Atomic claim extraction relies on LLMs, and its potential errors can cascade to downstream detection.
The inference latency of the framework is relatively high (requiring claim decomposition and sequential verification), which may become a bottleneck in real-time dialogue scenarios.
The detection capability is still limited for implicit contradictions that require multi-step reasoning.
Future work could study how to automatically correct contradictions once detected, forming a closed loop of detection and correction.

vs FActScore: FActScore evaluates factual precision but only determines whether supporting evidence exists; this work further categorizes contradiction types and provides localization.
vs SelfCheckGPT: SelfCheckGPT detects hallucinations based on the model's own sampling consistency without using retrieved evidence; this work directly compares retrieved documents with the response.
vs Q²: Q² validates consistency through question generation and answer comparison; this work directly performs claim-level alignment, which is more efficient and accurate.
vs RARR: RARR achieves factual enhancement through post-hoc editing; this work focuses on contradiction detection rather than automatic correction.
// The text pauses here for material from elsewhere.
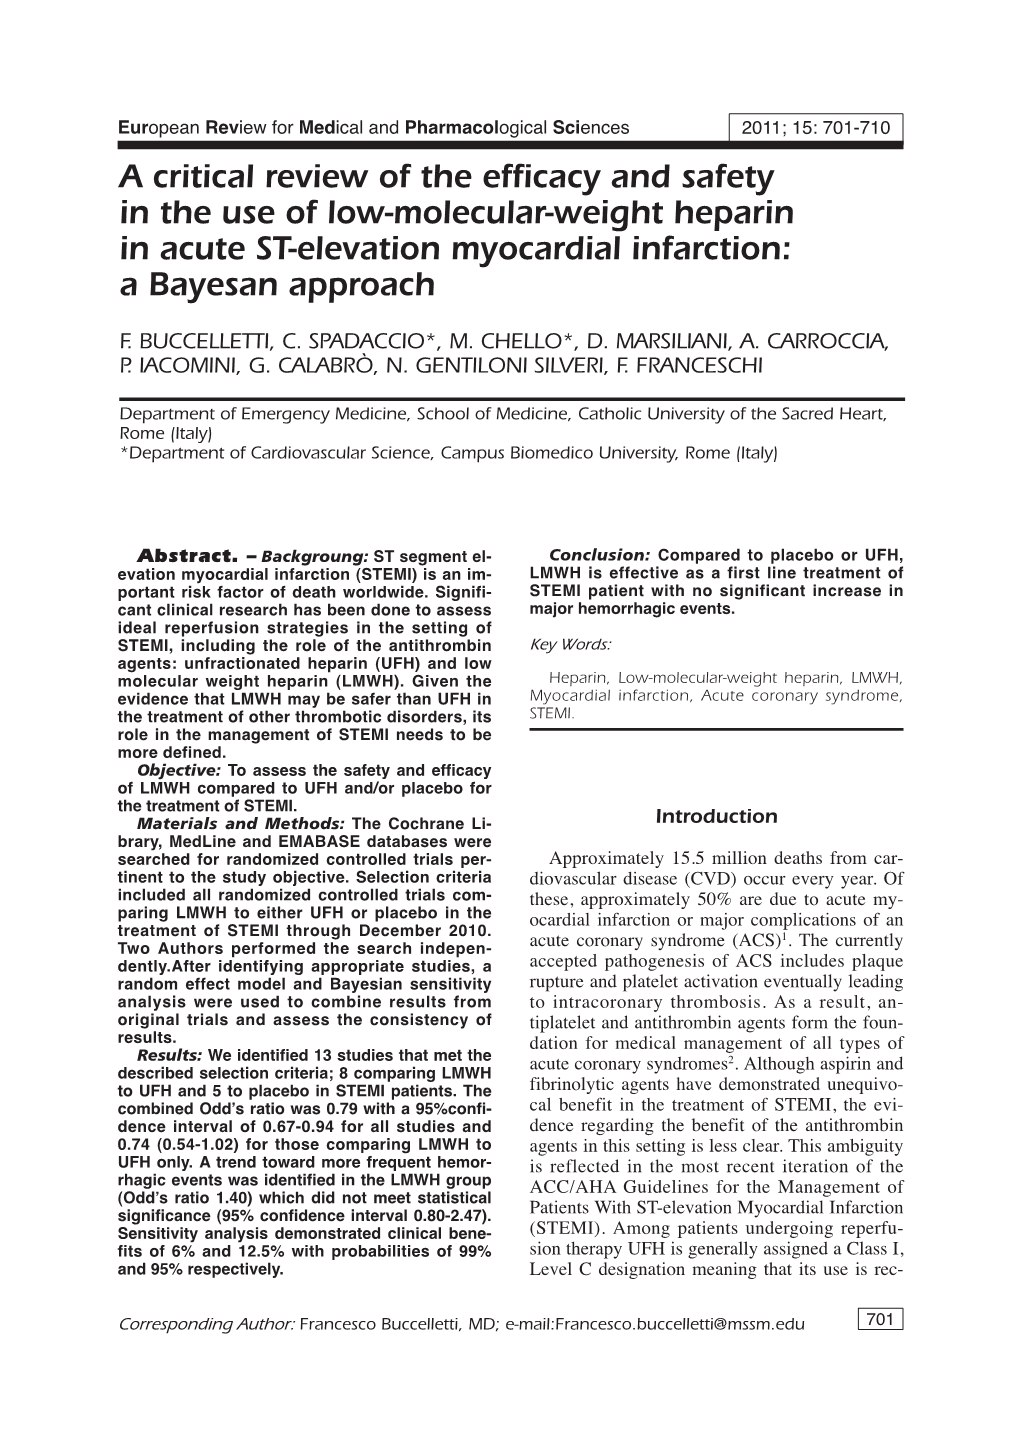 A Critical Review of the Efficacy and Safety in the Use of Low-Molecular-Weight Heparin in Acute ST-Elevation Myocardial Infarction: a Bayesan Approach
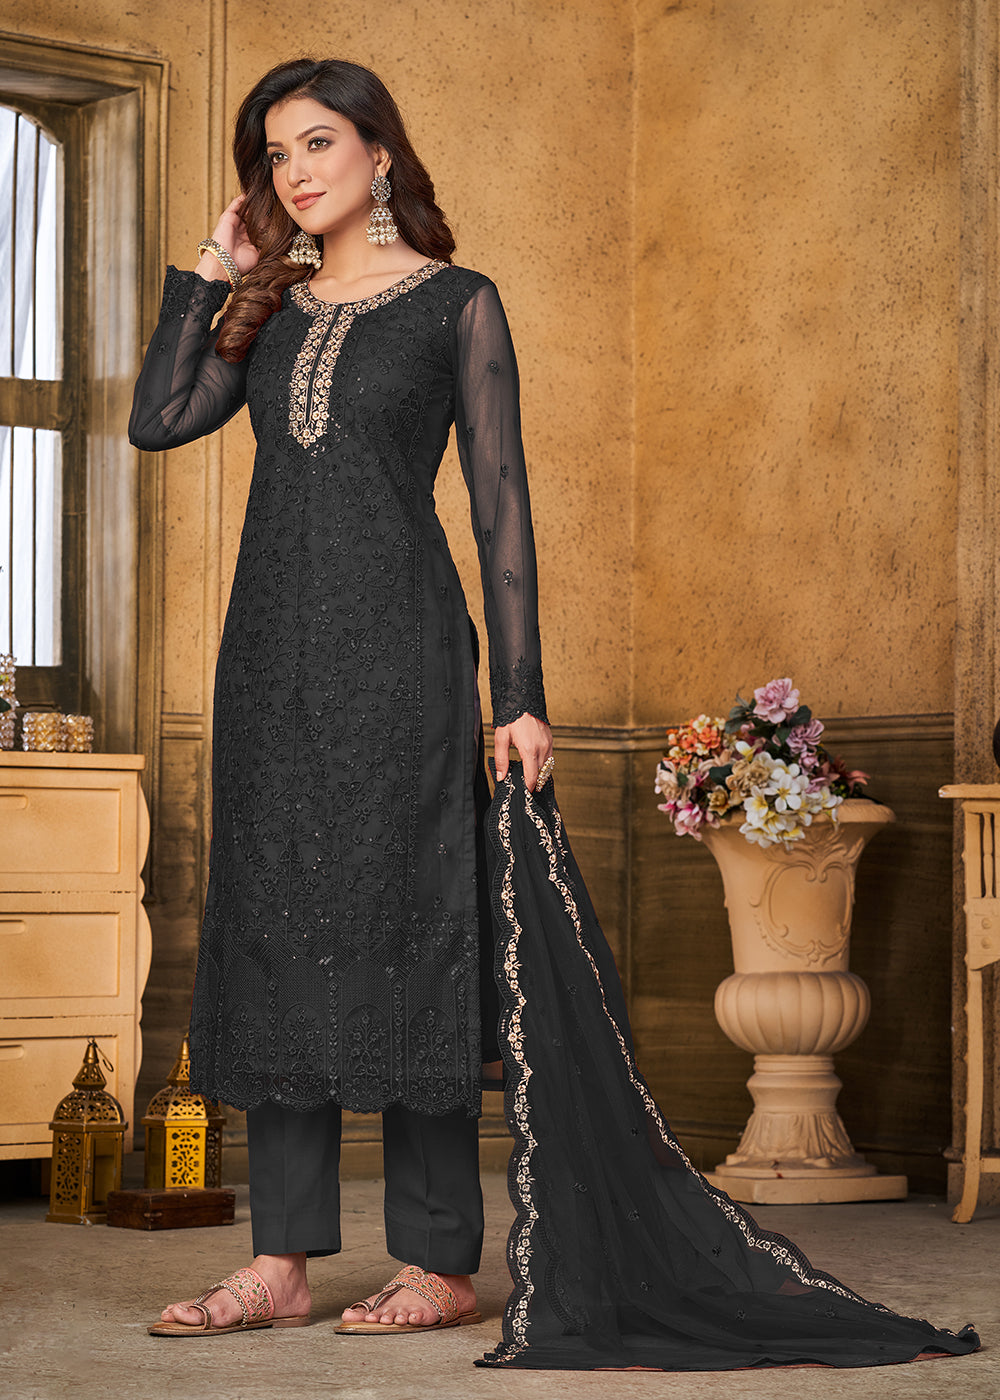 Buy Now Festive Party Black Net Embroidered Trendy Salwar Suit Online in USA, UK, Canada, Germany, Australia & Worldwide at Empress Clothing.

The two can be combined to form a detection-correction loop.

Rating¶

Novelty: ⭐⭐⭐⭐ The multi-granularity contradiction detection framework and cross-turn graph design are innovative.
Experimental Thoroughness: ⭐⭐⭐⭐ Multi-dataset evaluation, detailed ablation, and validation on real-world RAG systems.
Writing Quality: ⭐⭐⭐⭐ Clear problem definition and rigorous taxonomy.
Value: ⭐⭐⭐⭐⭐ Direct engineering value for ensuring the reliability of RAG systems.